Seventeen. That number is pretty significant in my life.
- I was born on February 17th at 17:20
- I spent 17 years trapped in a foolish and dangerous quest to de-gay myself through conversion therapy.
- After I finally came out, I created a comedy, Doin’ Time in the Homo No Halfway House. I premiered the play on February 17th, 2003 at Holy Trinity Church in Memphis, TN
- Yesterday marks 17 years since I first performed Homo No Mo.
Although I retired the Homo No Mo play in 2008, I have continued to perform the opening scene (and will feature it in the next episode of Bubble&Squeak.)
Reaching this anniversary though feels significant, especially as I have begun to transition my work away from live performances to radio and podcast production. Just today I started working with a new client for a podcast to accompany a quarterly magazine.

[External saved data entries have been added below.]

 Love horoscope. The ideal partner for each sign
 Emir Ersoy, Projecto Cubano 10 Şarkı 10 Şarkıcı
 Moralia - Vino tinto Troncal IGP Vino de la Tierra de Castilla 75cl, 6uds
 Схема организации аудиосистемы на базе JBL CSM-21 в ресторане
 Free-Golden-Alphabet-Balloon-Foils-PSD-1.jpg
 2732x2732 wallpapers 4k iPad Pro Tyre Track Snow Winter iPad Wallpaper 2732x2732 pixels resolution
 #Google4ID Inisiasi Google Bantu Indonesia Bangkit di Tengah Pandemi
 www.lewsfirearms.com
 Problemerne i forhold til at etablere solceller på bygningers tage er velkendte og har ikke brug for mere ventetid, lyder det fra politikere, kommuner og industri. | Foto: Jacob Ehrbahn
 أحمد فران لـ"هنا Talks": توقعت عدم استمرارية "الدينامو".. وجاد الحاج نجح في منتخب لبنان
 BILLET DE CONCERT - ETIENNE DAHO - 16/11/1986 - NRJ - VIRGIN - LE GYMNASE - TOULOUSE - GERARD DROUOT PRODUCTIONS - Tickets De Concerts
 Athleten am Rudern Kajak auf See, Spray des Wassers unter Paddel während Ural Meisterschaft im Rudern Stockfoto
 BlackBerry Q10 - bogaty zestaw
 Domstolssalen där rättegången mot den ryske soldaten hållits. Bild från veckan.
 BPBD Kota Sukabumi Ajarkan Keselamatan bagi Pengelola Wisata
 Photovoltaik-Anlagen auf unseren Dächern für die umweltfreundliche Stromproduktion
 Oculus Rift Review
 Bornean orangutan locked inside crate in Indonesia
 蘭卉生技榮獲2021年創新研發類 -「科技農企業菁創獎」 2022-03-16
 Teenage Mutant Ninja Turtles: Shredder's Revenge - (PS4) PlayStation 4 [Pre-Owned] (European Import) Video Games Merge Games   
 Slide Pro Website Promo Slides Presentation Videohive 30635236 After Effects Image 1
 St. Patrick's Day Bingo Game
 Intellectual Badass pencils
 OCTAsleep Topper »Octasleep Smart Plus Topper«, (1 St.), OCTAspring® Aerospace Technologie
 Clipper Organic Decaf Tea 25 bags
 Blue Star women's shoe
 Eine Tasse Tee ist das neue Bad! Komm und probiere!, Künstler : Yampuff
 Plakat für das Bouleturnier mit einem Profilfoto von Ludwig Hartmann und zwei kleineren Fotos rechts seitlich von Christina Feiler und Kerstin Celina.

In those 17 years since I first performed Homo No Mo, I met extraordinary people–ex-gay survivors like Christine Bakke, Jacob Wilson, Alex and Noa, Daniel Gonzales, Anthony Venn-Brown, Jeremy Marks, Steven Fales, Darlene Bogle, Jallen Rix, and many more in the USA, Canada, the UK, Sweden, Ecuador, Malta, and South Africa.
I am grateful for the many people who stood up and told their stories, who bore witness to the dreadful harm they experienced. I feel gratitude for the wives of ex-gay survivors like Carol Bolz and the many allies like Michael Airhart, Bruce Garrett, and Wayne Besen.
Morgan Jon Fox and a crew of filmmakers in Memphis recorded the final performance of Doin Time in the Homo No Mo Halfway House. There are two thousand DVDs of it out in the world, and now it is available on Amazon Prime.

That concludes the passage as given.